6. Train, test and publish the app

  1. To train the app, select the Train button and wait for the training process to complete:

    Screenshot of Train the app.

    Note

    As you can see in the image above, the red lines under all the labels have been removed, indicating that all the entity values are predicted. Also, notice that the status icon to the left of the Train button has changed color from red to green.

  2. When the training is finished processing, select the Test button, then type in go ahead and launch the rocket and press the Enter key:

    Screenshot of select the test button.

  3. When the test utterance has been processed, select Inspect to see the test result:

    • Intent: PressButton (with a 98.5% certainty)
    • Action entity: go ahead
    • Target entity: launch

    Screenshot of select inspect to see the test results.

  4. To publish the app, select the Publish button in the top right, then in the Choose your publishing slot and settings popup window, select Production and select the Done button:

    Screenshot of Publish the app.

  5. Wait for the publishing process to complete:

    Screenshot of Wait for the publishing process to complete.

  6. Navigate to the Manage > Application Settings > Azure Resources page.

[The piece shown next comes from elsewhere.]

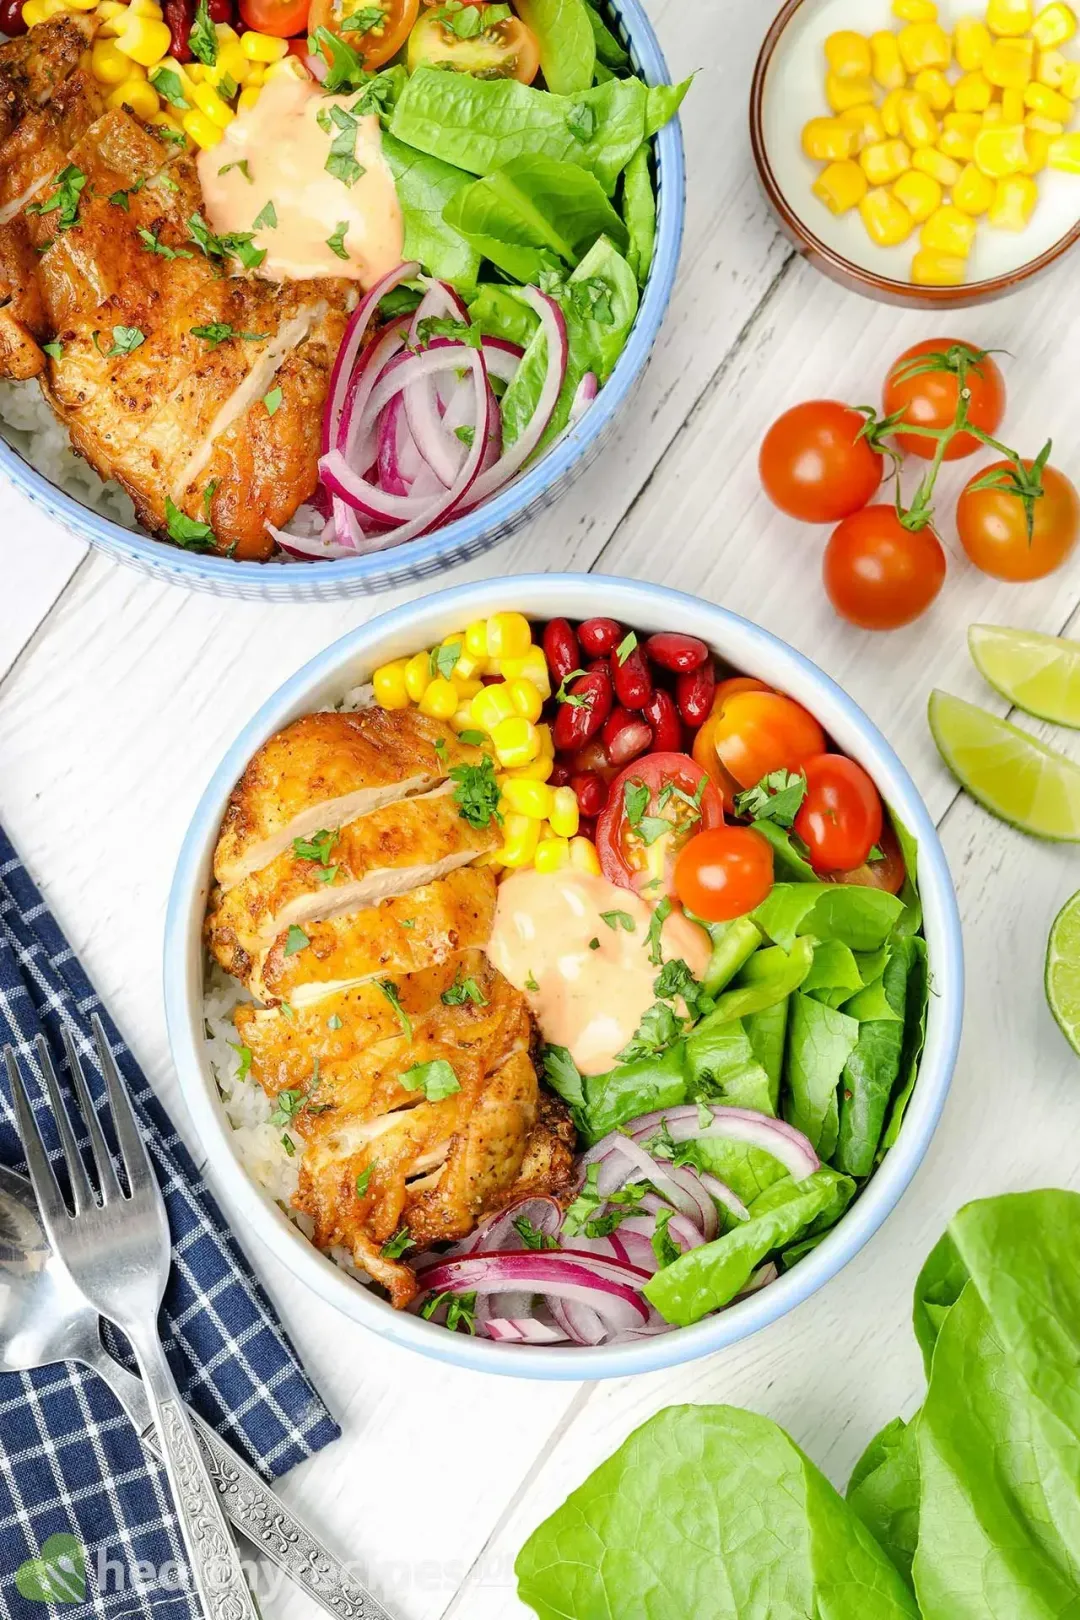 Chicken Bowl Recipe: A Perfect Mix of Chicken, Rice, and Veggies

Your Azure Resources page should look similar to this:

    Screenshot of Azure resources page.

Connect the unity project to the LUIS app

  1. On the Manage > Application Settings > Azure Resources page, select the Copy icon to copy the Example Query:

    Screenshot of Connecting the unity project.

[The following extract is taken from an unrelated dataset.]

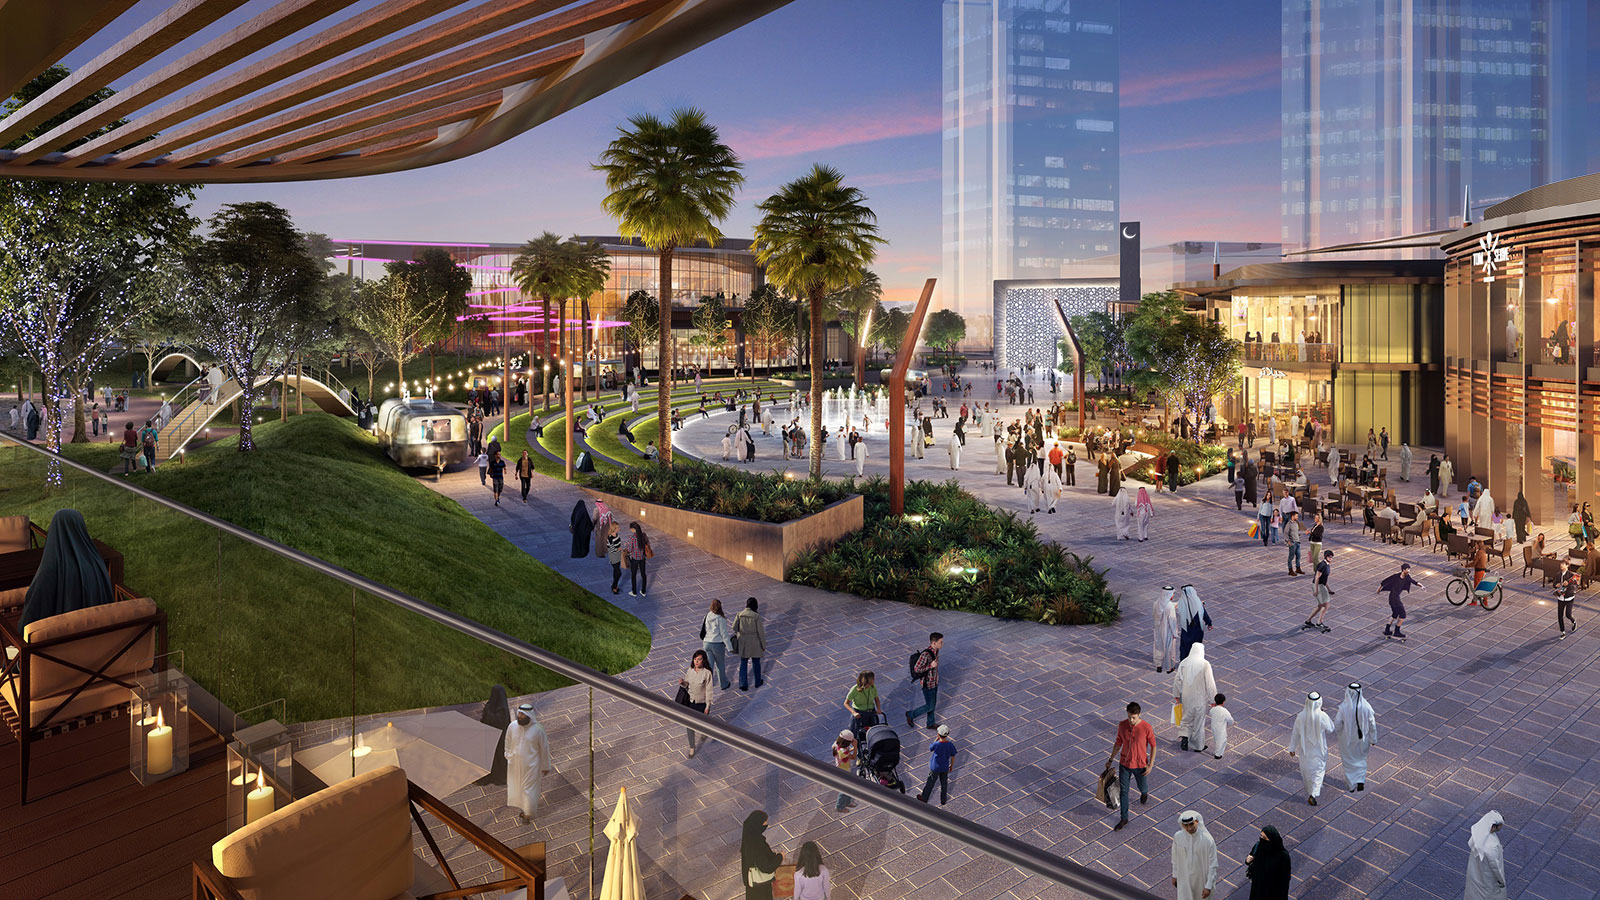 Abu Dhabi, UAE: 17 February 2019 – IMKAN, the globally reputed property developer renowned for creating soulful places that enrich people’s lives, is inviting investors and businesses to explore the leasing and investment opportunities that will be available in Sheikha Fatima Park. Hand-in-hand with its strategic partner, Abu Dhabi Municipality, IMKAN is developing the inner-city community green space in Khalidiya district. The redesign is set to transform the area into a dynamic destination for all ages; while becoming Abu Dhabi’s premier urban park with open-air leisure and entertainment. In alignment with the Abu Dhabi Economic Vision 2030, which outlines a strategy for reduced reliance on the oil sector as a key source of economic activity over time, IMKAN is focused on strengthening the Emirate’s economic vision and in solidifying its footing as the region’s investment haven. Abu Dhabi is a world-class investment destination, offering a promising value proposition to businesses and investors alike with attractive returns and yields. The park encompasses an area of 46,000m2, which is inclusive of an adventure zone, and a section devoted to women and children. The project’s timely commencement coincides with regional and global businesses increasingly looking towards Abu Dhabi for stronger investment opportunities. The Park is strategically located at the corner of Al Bateen Street and Zayed the First Street, offering close to 10,000sqm of leasable space for businesses to provide their unique services in a picturesque setting. Avenues for collaboration and investments are available in commercial, retail and leisure segments. Food & beverage units, offices and clinics are designed with the flexibility to expand and with the option of having terraces surrounded by park vistas and overlooking event plazas, green activity spaces and tranquil open lawns. By using IMKAN’s unique approach to community building and an emphasis on encouraging active wellness, Sheikha Fatima Park will provide a trendy urban walkable environment catering to co-worker office spaces, sports and wellness facilities, outdoor event concepts and leisure activities. Additionally, the park will be a draw for families and members of a long-standing community who will return to the park to explore the varied new attractions and events hosted there, including pop-up movie screenings, yoga and Pilates’ classes and art fairs to name a few. Walid El-Hindi, Chief Executive Officer of IMKAN, said: “Sheikha Fatima Park will not only benefit the physical health and wellness of this community, it is also a platform for businesses. We will be considering offers from groups that complement our ethos of creating soulful places that enrich people’s lives. Our research-led approach has enabled us to develop the ideal urban green space that will focus on promoting mental, physical and spiritual health equity, and we want the outlets who operate in Sheikha Fatima Park to promote these values.” He added, “It is also a great opportunity for start-ups and SMEs seeking flagship market positioning - it's all part of revitalizing the community with what will be a robust center of activity. We encourage local regional and global businesses to join us on our journey and be a part of this story." Construction at site is led by Al Fara’a Engineering, one of the most established groups in the region. The project is also supported by Arcadis; a leading multinational cost and project management consultancy firm, along with Cracknell, the globally renowned landscape design solutions provider. With the aid of these partners, Sheikha Fatima Park is well underway and on track for completion in Q4 2019. As the market’s research-based place-maker, IMKAN is creating yet another destination with the redevelopment of Sheikha Fatima Park that shall serve as a cornerstone of open-air urban activity in Abu Dhabi offering community engagement for all. Local, regional and global potential investors can visit www.imkan.ae/sheikha-fatima-park for more information, or reach out to IMKAN team on hello@imkan.ae

  2. Back in your Unity project, in the Hierarchy window, select the Lunarcom object, then in the Inspector window, locate the Lunarcom Intent Recognizer (Script) component and configure it as follows:

    • In the LUIS Endpoint field, pass the Example Query you copied in the previous step. Make sure to remove YOUR_QUERY_HERE from the URL:

    Screenshot of Pass the example query you copied.

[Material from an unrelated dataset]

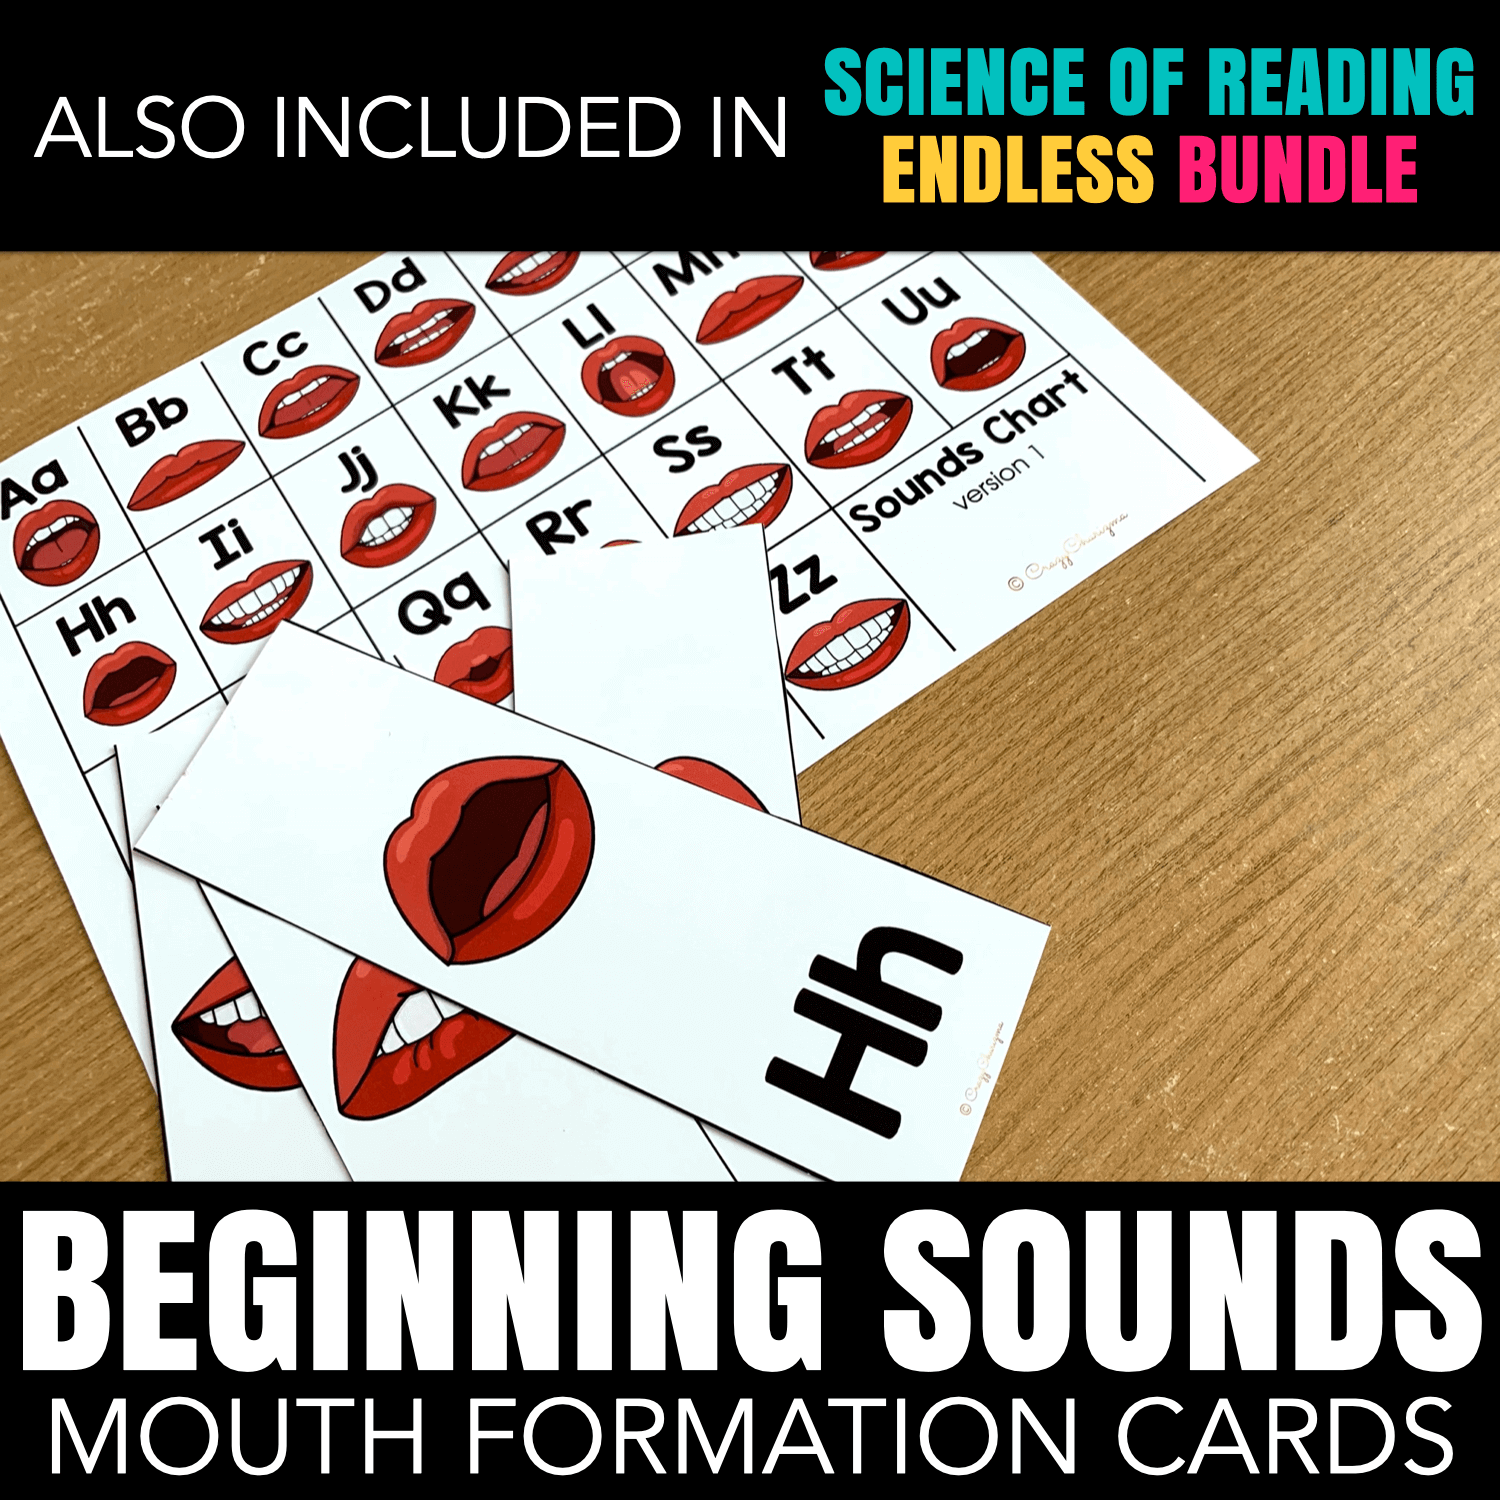 Mouth Pictures Formation Cards with Speech Sounds

Test and improve the intent recognition

  1. To use intent recognition directly in the Unity editor, you must allow your development computer to use dictation. To verify this setting, open Windows Settings, then choose Privacy > Speech and ensure Online speech recognition is turned on:

    Screenshot of Testing the intent recognition.

  2. If you enter Game mode, you can test the intent recognition by first pressing the rocket button. Then, assuming your computer has a microphone, when you say the first example utterance, go ahead and launch the rocket, you will see the LunarModule launch into space:

    Screenshot of Enter the game mode.

  3. Try all the example utterances, then some variation of the example utterances, as well as a few random utterances.

  4. Next, return to LUIS and navigate to Build > Improve app performance > Review endpoint utterances page. Use the toggle button to switch from the default Entities View to Tokens View, and then review the utterances:

    • In the Utterance column, change and remove the assigned labels as needed so they align with your intent
    • In the Aligned intent column, verify that the intent is correct
    • In the Add/Delete column, select the green check mark button to add the utterance or the red x button to delete it.
  5. When you have reviewed as many utterances as you like, select the Train button to retrain the model, then the Publish button to republish the updated app:

    Screenshot of Retrain the model.

    Note

    If an endpoint utterance does not align with the PressButton intent, but you would like your model to know that the utterance has no intent, you can change the Aligned intent to None.

  6. Repeat this process as many times as you like to improve your app model.